When someone described me yesterday as a former buddhist monk, my first impulsive action was to correct her. Her reaction caused me to realize that she was strangely correct and actually very insightful.
My arc to buddhist thought has been a long and gradual one. I may have appeared, in my younger days, to be a Franciscan friar. But actually I had begun to think more as a buddhist monk might think. I was still a very young and inexperienced monk when I began to turn to and rely on my own insights and early experience. My own observations became a trusted guide to my thinking, living and decisions.
Initially , this was not so clearly an act of rejection of the concepts handed to me by trusted teachers, those purveyors of religion whom I listened to. Initially, I was more likely to bend traditional concepts to fit my own way of thinking. I actively scavenged traditional concepts to support and justify the way I thought.
First, I would focus on what I had evolved to understand. Then, often with serious study and research, I would search how traditional thought might fit. I might even select marginal ideas that seemed to conclude what I had already come to understand.
My teachers called this sophistry, and that was not considered a compliment. Those were the people who knew no other way than what they had been carefully, forcefully taught. They may not have challenged my thought process as sophistry, but I knew they saw the pitfalls of my approach.
Those who may have been aware of my rebellious thought process, mostly honored my ability to shape their view of the world to my own. To them, I was a rather compliant monk. The one teacher who resisted my thinking had to experience the open defiance of someone who was recognized a top student.
Now, years later, I notice that I have been describing myself as a former monk to my two sons. It is my way of describing my former life in a monastery with a term out of their fantasy world of gaming. For them, a monk is someone with mystical powers. For me, that has been a mildly reliable description of how I have come to see my growth in the experience of insight and mindfulness.
I realize that I have a deep identification with the notion of being a monk. I have in recent years thought of myself as an urban monk, as one who lives and moves in a world of tangible, active humanity.
My monastery, my separation from the active world is my home, my garden and my mind. I am not at all barricaded in that monastic place. Instead, I invite friends, lovers, and even strangers to enter my place of retreat. It seems that my heart flows out constantly from that sacred arena of seclusion. I often return to my monastery for time to reflect, to read and to write.

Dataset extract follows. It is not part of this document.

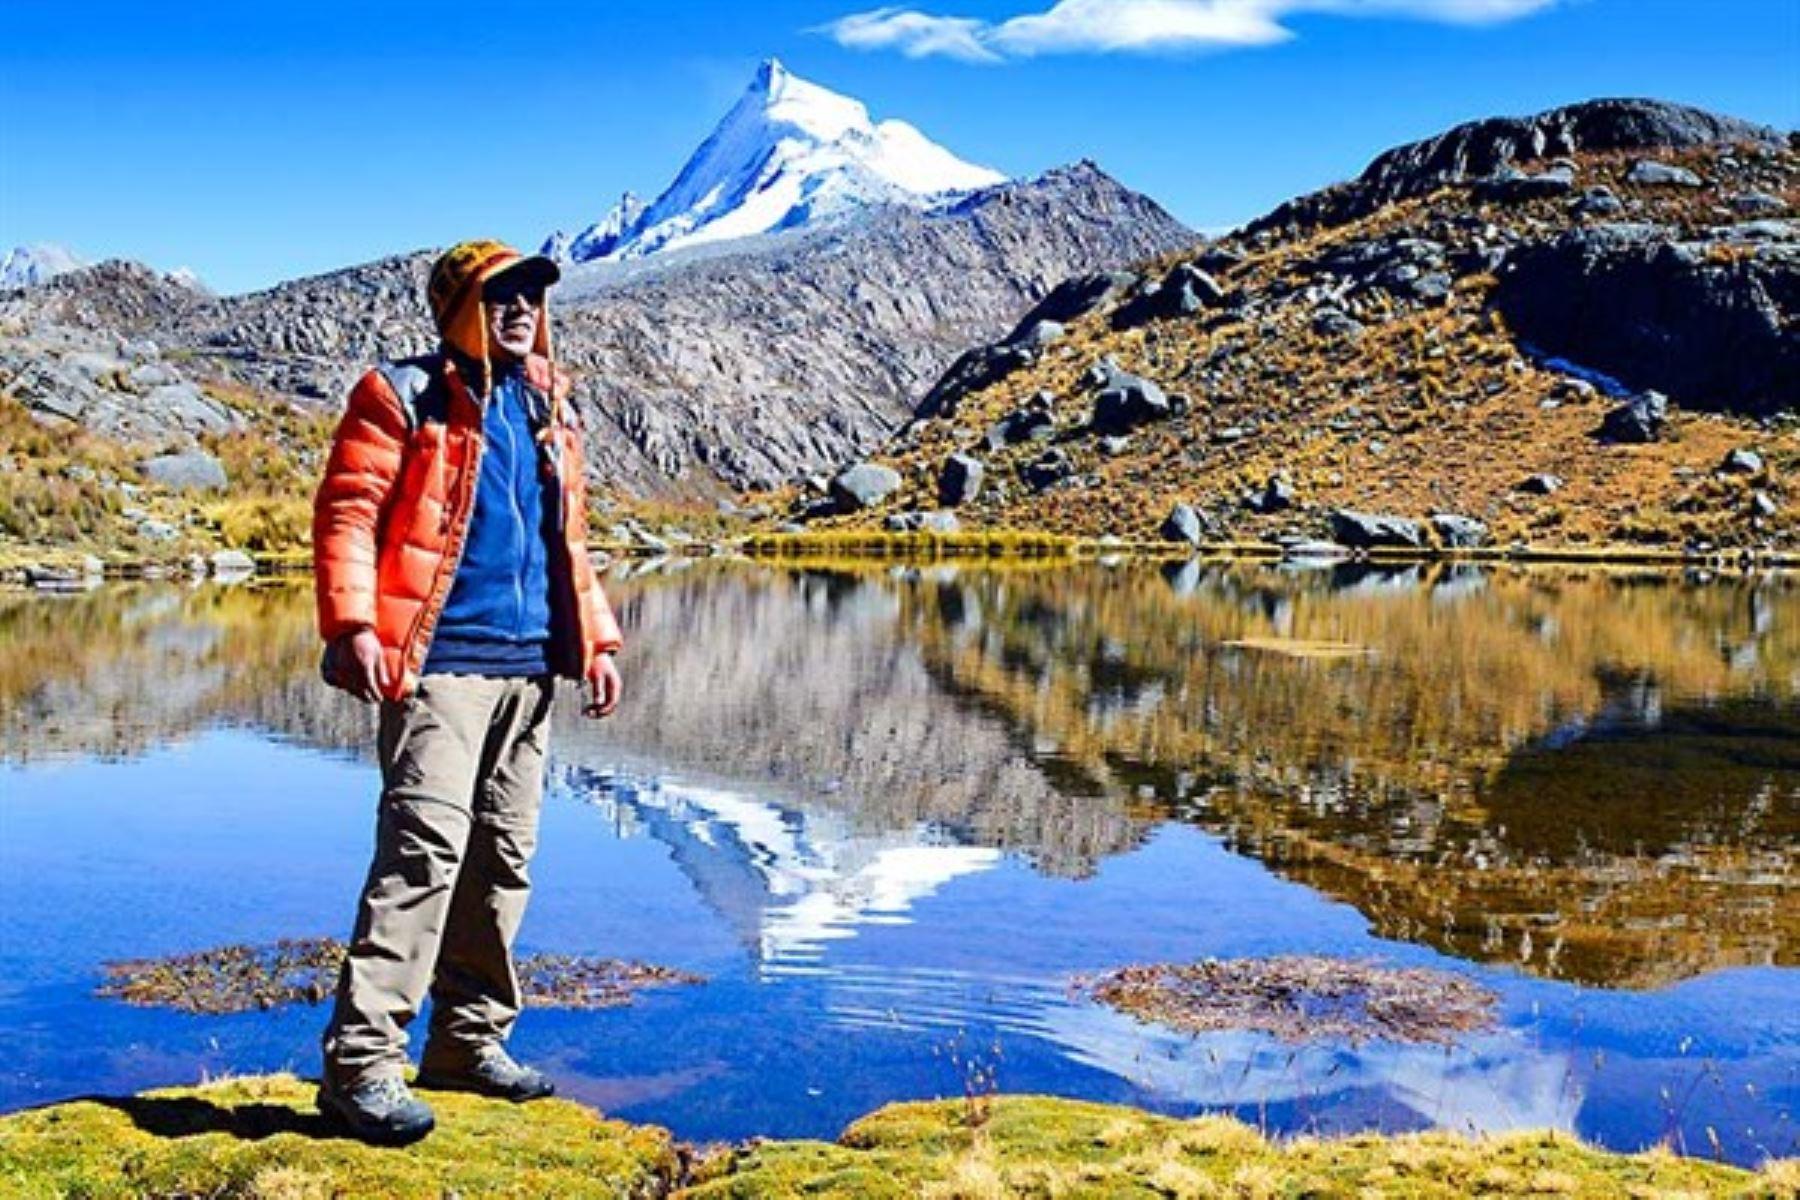 Óscar Vilca Gómez conoce todas las cordilleras del Perú, las que tienen glaciares y las que no, las caracterizadas por volcanes que recorren parte del territorio de Moquegua y Tacna, o las alimentadas por las lluvias en sus cúspides.

I know and now understand that I am walking in footprints formerly set out by the Buddha and by a hundred generations of the Buddha’s followers. Some things feel very familiar, some things feel new. But I don’t at all regard myself as follower of the Buddha, even though the thoughts of the buddhist tradition often give rich meaning to my own experience. I am still a non-conforming monk, I suppose.
Instead, I consider that the living Buddha resides in my own heart, still guiding me in subtle ways. This has, unknown to me, always been this way. The arc of the Buddha’s presence has been long and often subtle, anchored as it is in the early days when I was first a monk.
I think that I have never left the life of a monk, even though it is now a form of life that is strictly interior. In some ways, however, it manifests itself even more today in the way I relate to people, plants and the planet. The connections I experience daily are what I consider to be the life of a dedicated monk.
I may not manifest myself in the robes of a monk any longer, but my heart is still that of the young monk who set out on this arc of living many decades ago. I continue to be the monk I believe I was destined to be.